In May 2007, Sommers was nominated by President George W. Bush as Commissioner to the Commodity Futures Trading Commission (CFTC) and was sworn into office on August 8, 2007.

In July 2009, President Barack Obama nominated her for a second term, and was confirmed by the US Senate on October 8, 2009. At the agency, Sommers served as the Chair and Designated Federal Official of the Global Markets Advisory Committee from February 2008. From 2009 until her resignation in July 2013, she represented the Commission in Technical Committee meetings of the International Organization of Securities Commissions (IOSCO).

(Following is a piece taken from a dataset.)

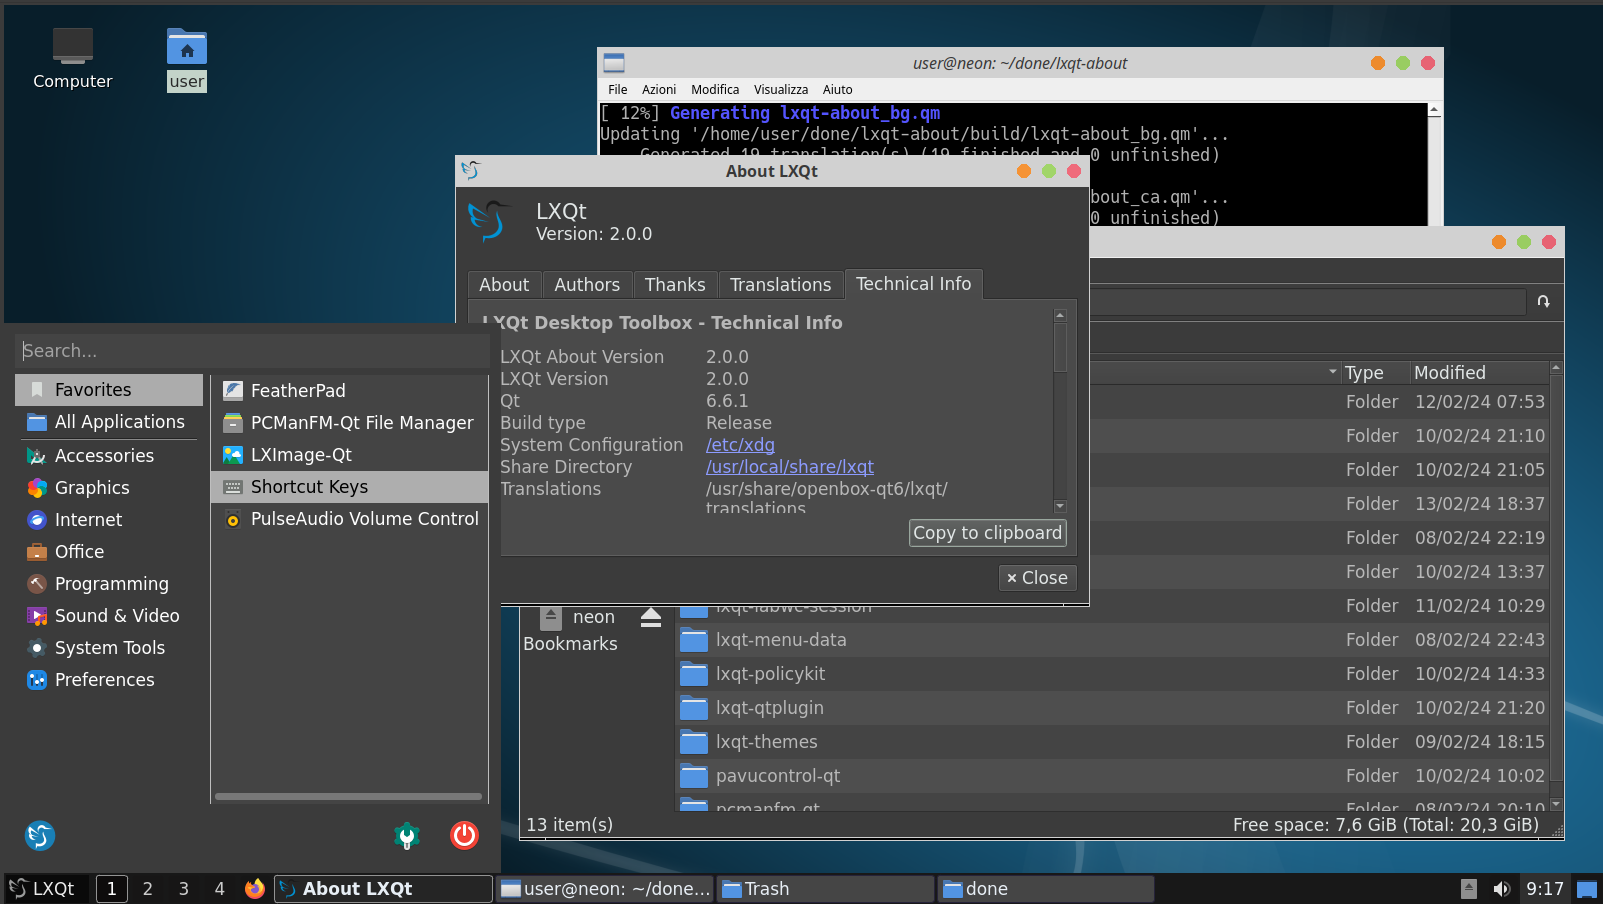 KDE Plasma 6 Released, Tails 6, LXQt on Qt6, and more!

Since departing public service, Sommers moved to advisory roles in the private sector in financial services and digital asset sectors.

In 2014, she was appointed to Chicago-based Allston Holdings LLC's Board of Managers. She also joined Patomak Global Partners as a senior advisor and served as the chair of its Derivatives Practice Group from February 2023. Sommers has also been appointed to several corporate boards of directors, including Miami International Holdings (MIAX), Tharimmune, Inc., and Robinhood Ventures Funds.

==Personal information==
A native of Fort Scott, Kansas, Sommers holds a bachelor of arts degree from the University of Kansas. Her husband, Mike Sommers, is president and CEO of the American Petroleum Institute and former chief of staff to Speaker of the United States House of Representatives John Boehner.